Raphaël Patout (Cie La Chambre Noire) est amoureux de l’écriture de David Foster Wallace. Il convoque un clown pour introduire un récit acide sur l’adolescence. Les mots de David Foster Wallace sont portés par le remarquable Maxime Kerzanet. Hypnotique et vertigineux. Retour.

Seules les rampes de spots séparent le public de lui. Lui, c’est le clown, personnage autant inquiétant qu’amusant, qui fait vaciller le réel sous nos pieds. Il est celui qui réveille l’enfant de 13 ans qui sommeille en vous. Appuyé contre le mur dans un coin du plateau, il attend. Il attend le moment de déballer ce qu’il a sur le cœur et nous voilà prêt à l’écouter, tous autour de lui.

En s’appropriant le texte de David Foster Wallace, le metteur en scène, Raphaël Patout, fait chanter les mots, leur donne des couleurs, les signifie. Il dissèque le texte, le distord pour mieux le faire entendre et trouve en Maxime Kerzanet un interprète formidable. Celui-ci s’amuse, durant l’heure, à nous tendre un miroir à la fois hypnotisant, déformant et terriblement réel de l’adolescence. Il saisit le public pour une escalade qui culmine sur le haut d’un plongeoir de piscine.

Vertige de l’adolescence pour un requiem de l’enfance.

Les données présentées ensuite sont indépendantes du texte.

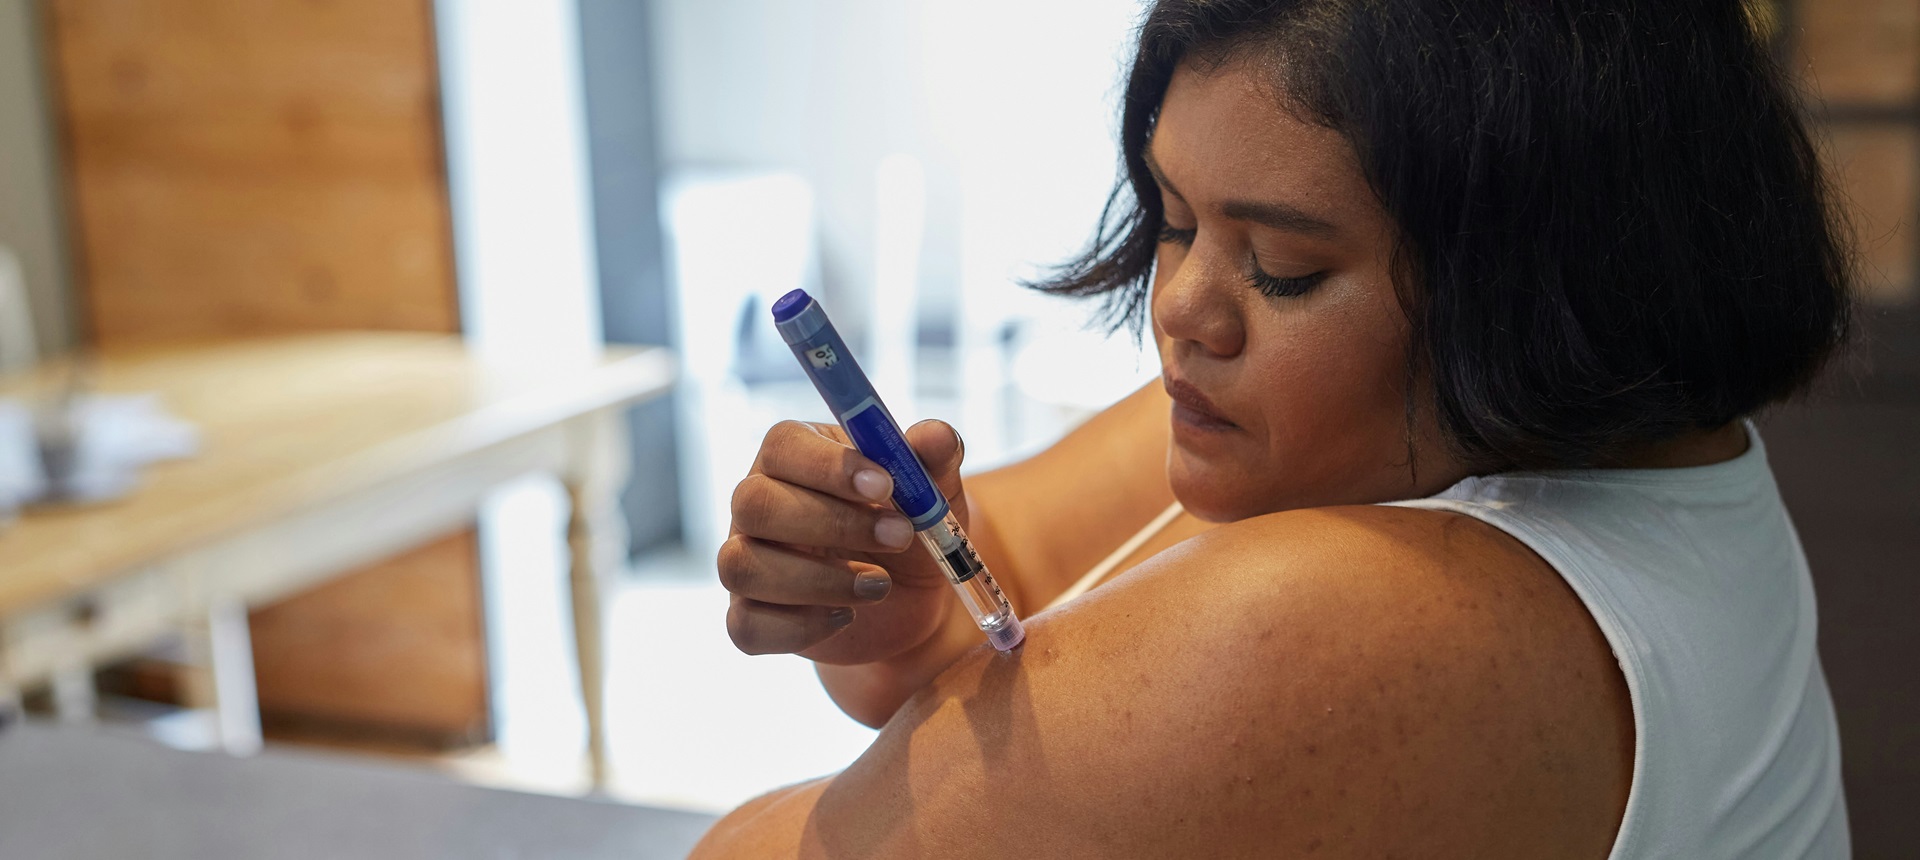 Young woman giving herself an insulin injection. Photo by Sweet Life on Unsplash

C’est le jour de son anniversaire et il a décidé d’emmener tout le monde à la piscine. Sa serviette de bain Winnie l’Ourson, le bonnet à fleurs de sa petite sœur, le blanc blafard des peaux, ses poils, tout passe à la moulinette dans son esprit. Sorte de règlement de compte intérieur, avec sa famille, avec lui-même, cet enfant étouffe dans l’american dream, dans la peau du pas encore adulte et du plus tout à fait enfant.

Il est le grand frère d’une petite sœur sur qui il doit veiller, ses parents, il ne les aime pas vraiment. Il aimerait se rebeller. Dire qu’il existe. En a marre d’être ce que l’on attend de lui : le gentil petit garçon.

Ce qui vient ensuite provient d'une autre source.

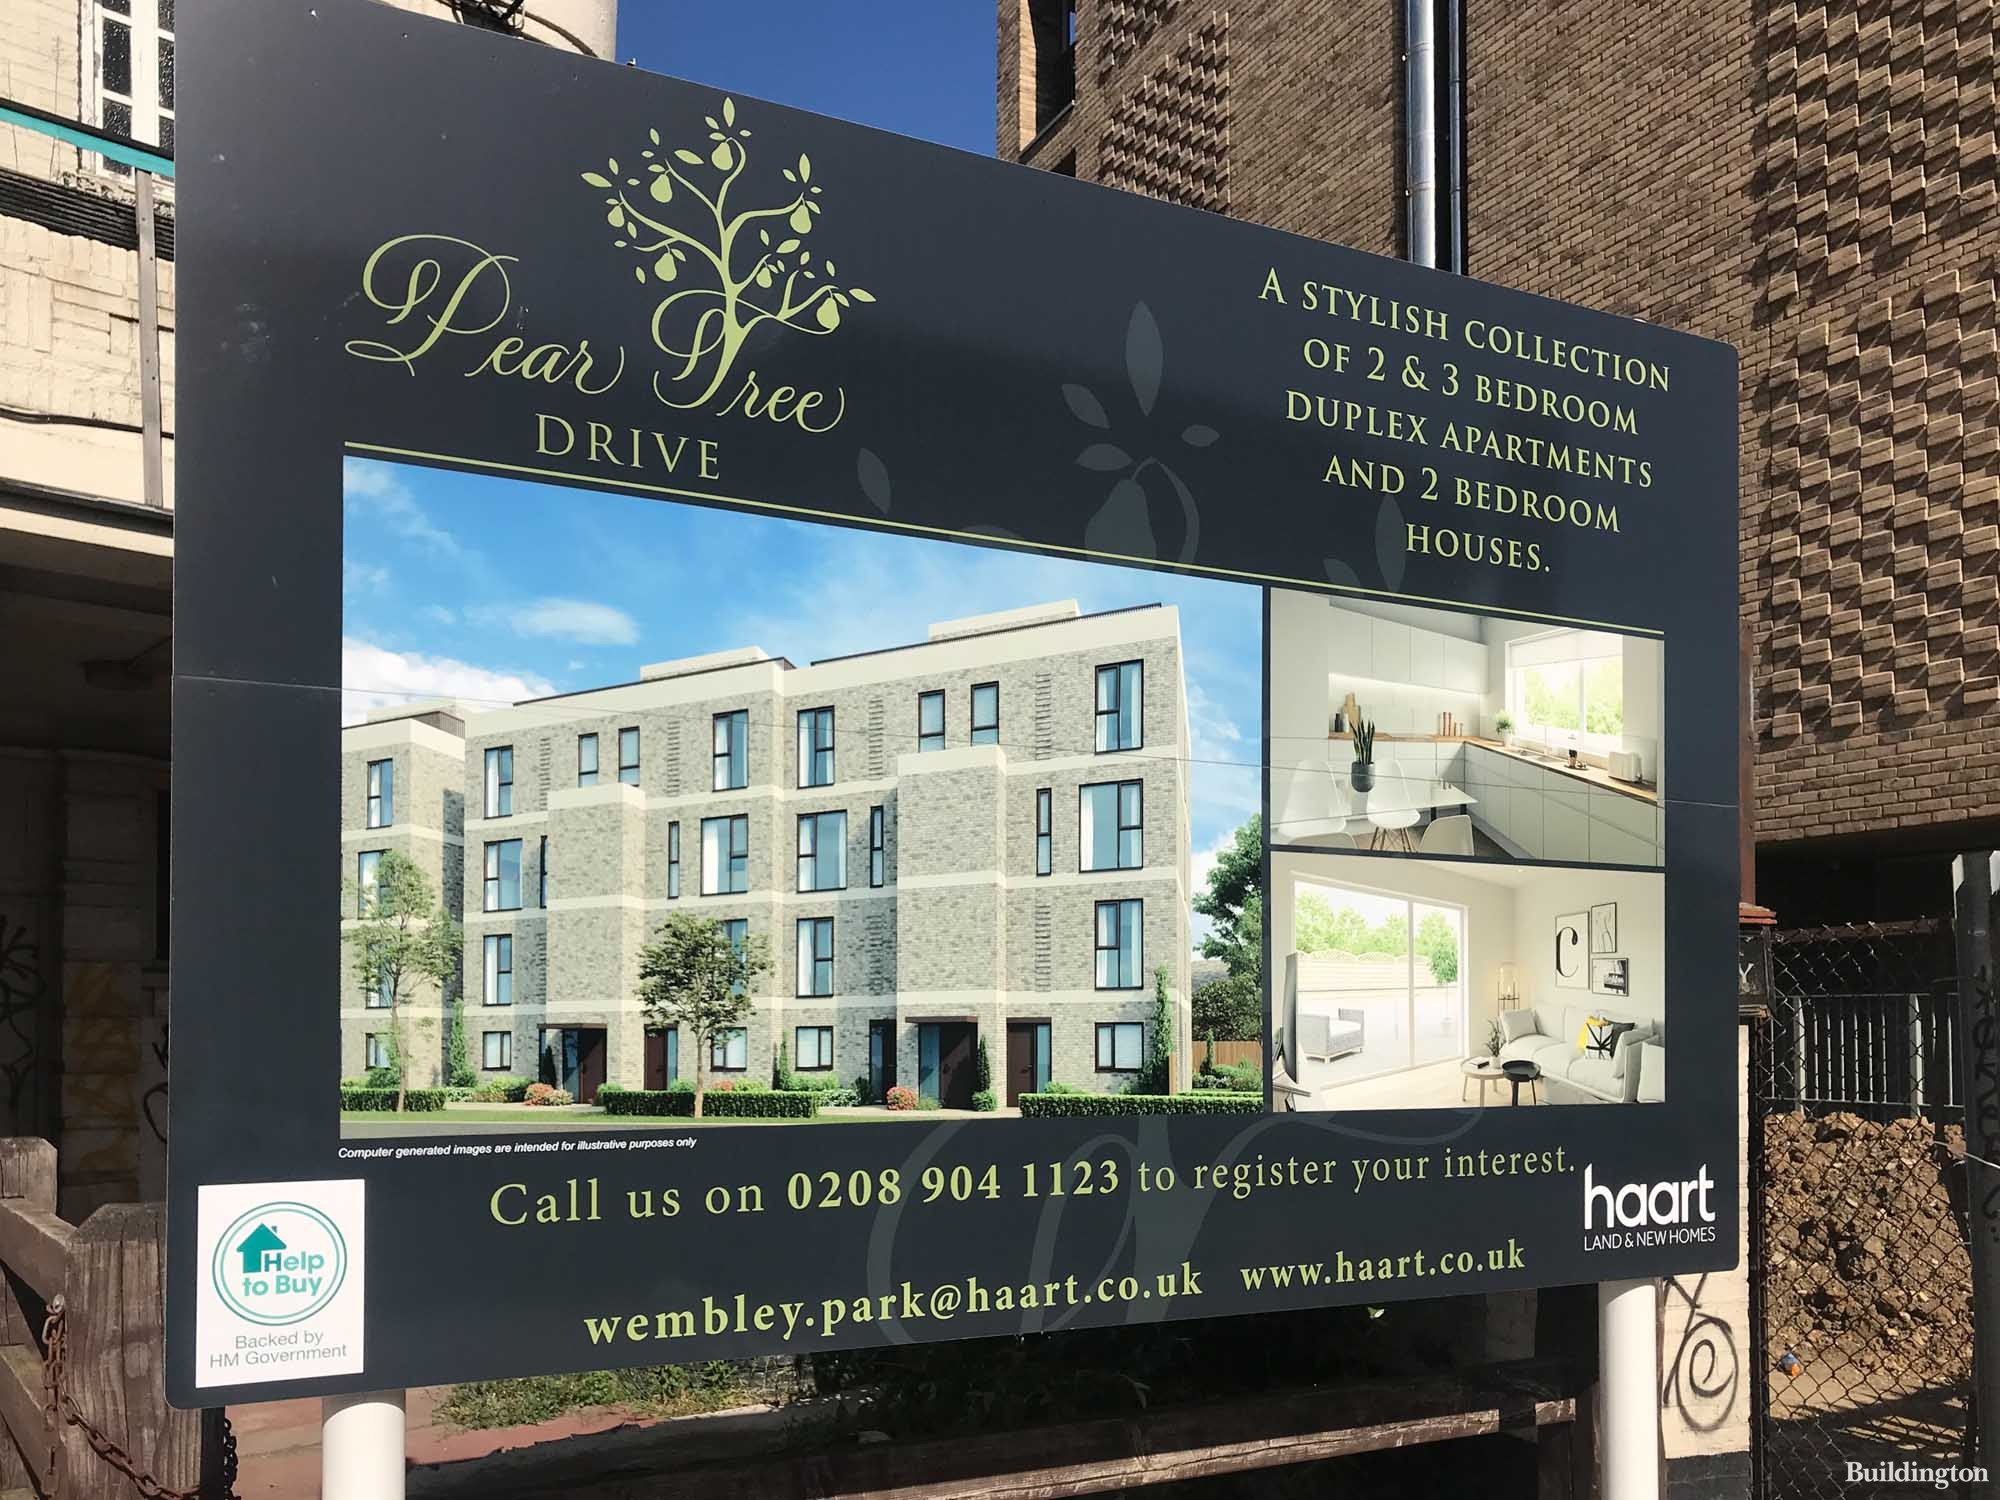 Pear Tree Drive development board on Ealing Road. A stylish collection of 2 and 3 bedroom apartments and 3-bedroom houses advertised by estate agent Haart.

C’est pour cela qu’il décide de monter sur le plongeoir de la piscine. Nous montons avec lui sur l’échelle qui mène au plus haut point. Le plongeoir prend des allures de machine capitaliste qui broie les gens. Les mots de cette nouvelle ont tous un sens bien particulier. On voit les chevilles de celui du dessus, on arrête sa respiration sur la langue du plongeoir. On ne sait pas si on doit sauter. On ne sait pas si on doit s’écraser sur le sol. L’emploi du tu renvoie les auditeurs à leurs propres sensations d’adolescent, moment de bascule dans l’âge d’après, celui des transformations sociales et physiques.

Maxime Kerzanet joue toutes les variations d’état. Les modulations de la voix et les sons permettent des respirations dans ce monologue. Oscillant entre souvenirs et instants réels, il est le guide dans les méandres de l’adolescence. Il entraîne son petit monde dans un jeu de piste impressionniste.

L’écriture plante le décor. Le public pourrait être en maillot, que cela n’en serait pas perturbant. Les mots de David Foster Wallace et la puissance du jeu du comédien nous font sentir la chaleur d’un bord de piscine, le petit vent sur la peau à l’abri du soleil.

La mise en espace de ce texte ajoute une dimension brute, sans fard. En resserrant l’espace de jeu autour du comédien, Raphaël Patout joue sur l’idée de graver les mots de son auteur fétiche dans l’esprit du public, ce qui est largement réussi.

Au-dessus, à jamais a été vu au Théâtre des Carmes-André Benedetto (Avignon)
A voir à Lyon au Lavoir Public, du 26 au 28 janvier 2016 à 20h00.